▶ _EXERCISE DESCRIPTION_:
Would you please repeat, word for word, only the lines from the one holding "Первый советский космонавт" through the one holding "Conflicto en un" in the material below, without the pictures?

▶ _RECORDS SHOWN_:

◆ ◆ ◆ ◆

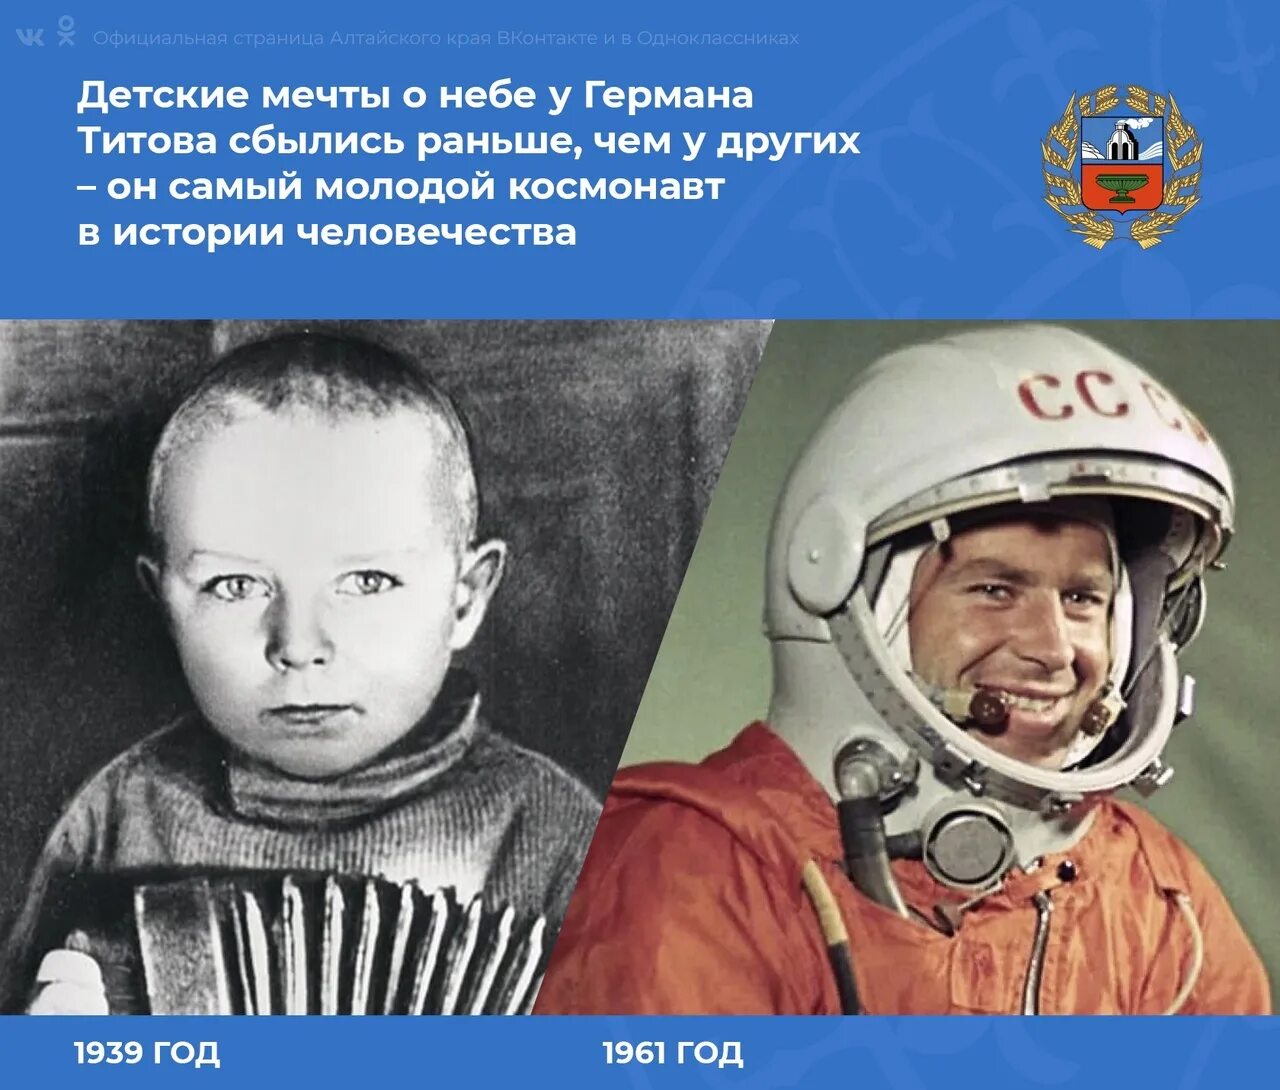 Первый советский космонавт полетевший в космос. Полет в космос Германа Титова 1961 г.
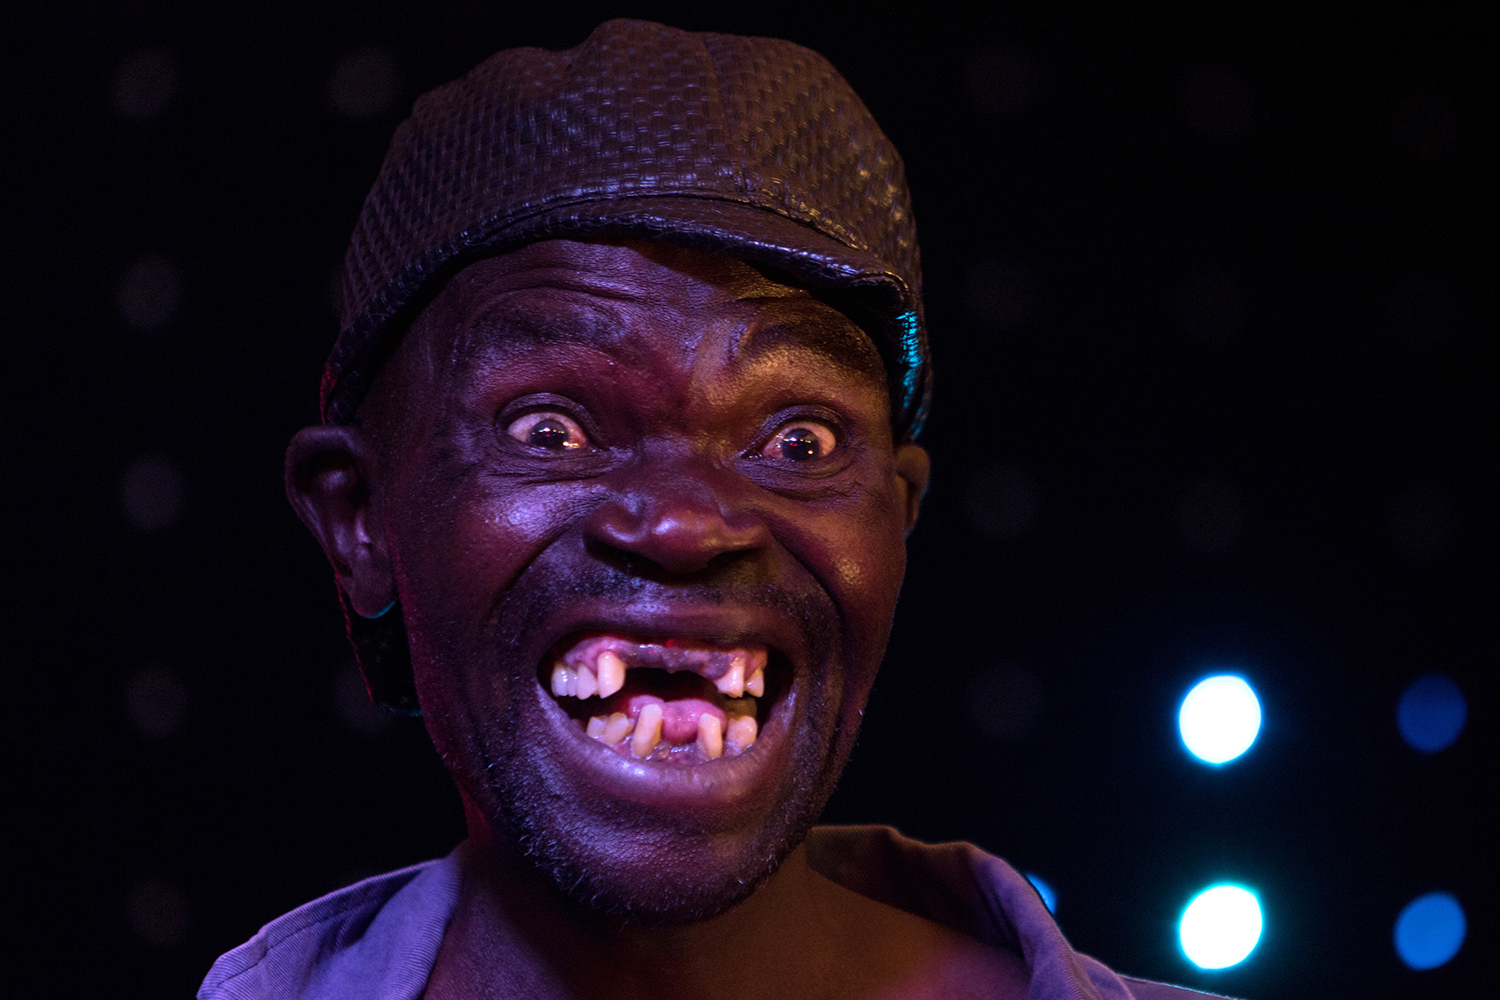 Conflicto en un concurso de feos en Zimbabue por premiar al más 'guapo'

◆ ◆ ◆ ◆

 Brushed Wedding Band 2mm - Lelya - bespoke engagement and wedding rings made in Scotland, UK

◆ ◆ ◆ ◆

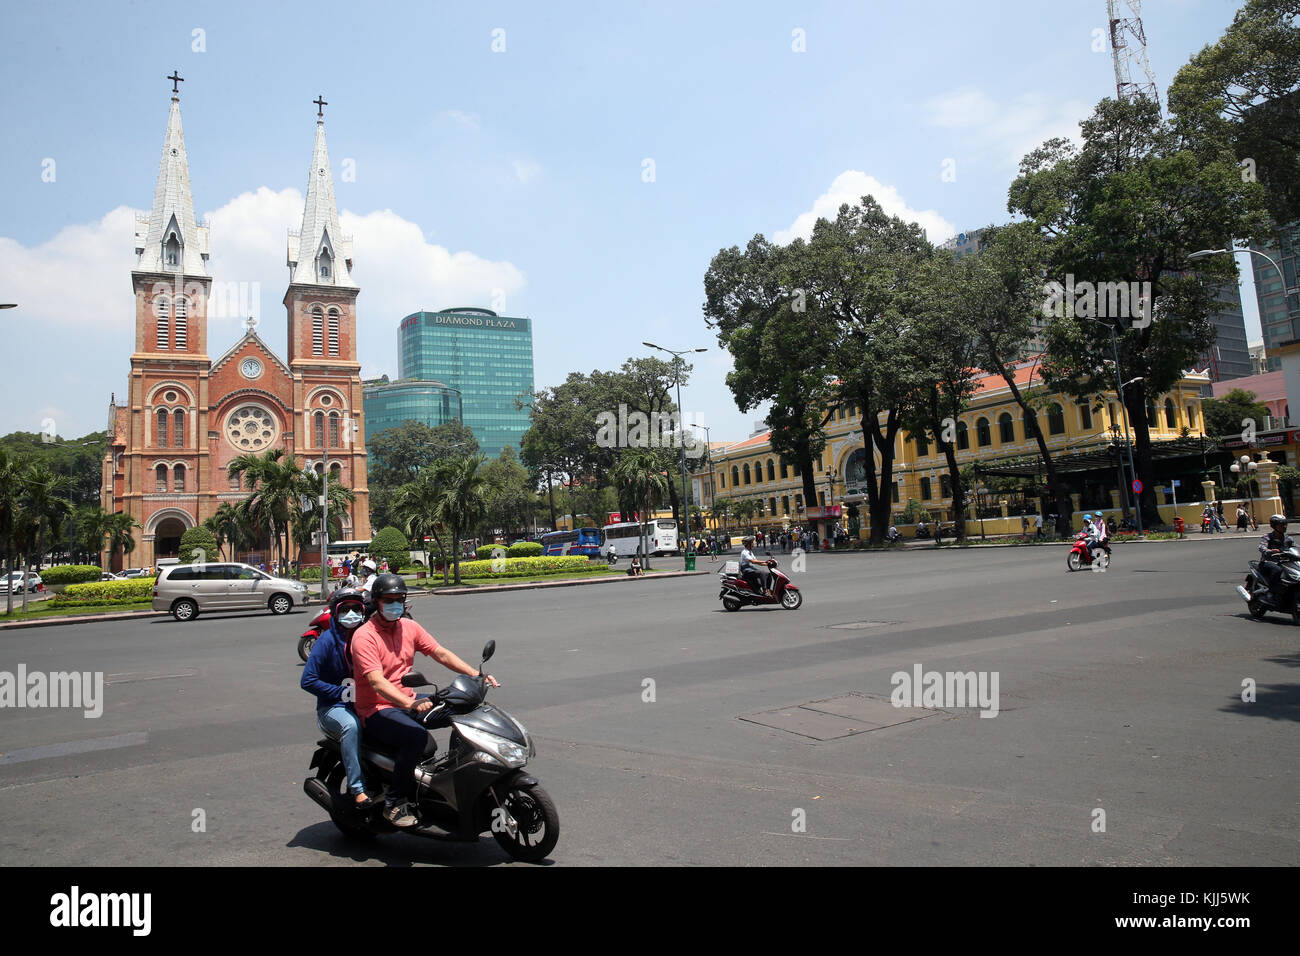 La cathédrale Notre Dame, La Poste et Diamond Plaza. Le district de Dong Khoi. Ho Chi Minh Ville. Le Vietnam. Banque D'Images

◆ ◆ ◆ ◆

▶ _SOLUTION_:
 Первый советский космонавт полетевший в космос. Полет в космос Германа Титова 1961 г.
 Conflicto en un concurso de feos en Zimbabue por premiar al más 'guapo'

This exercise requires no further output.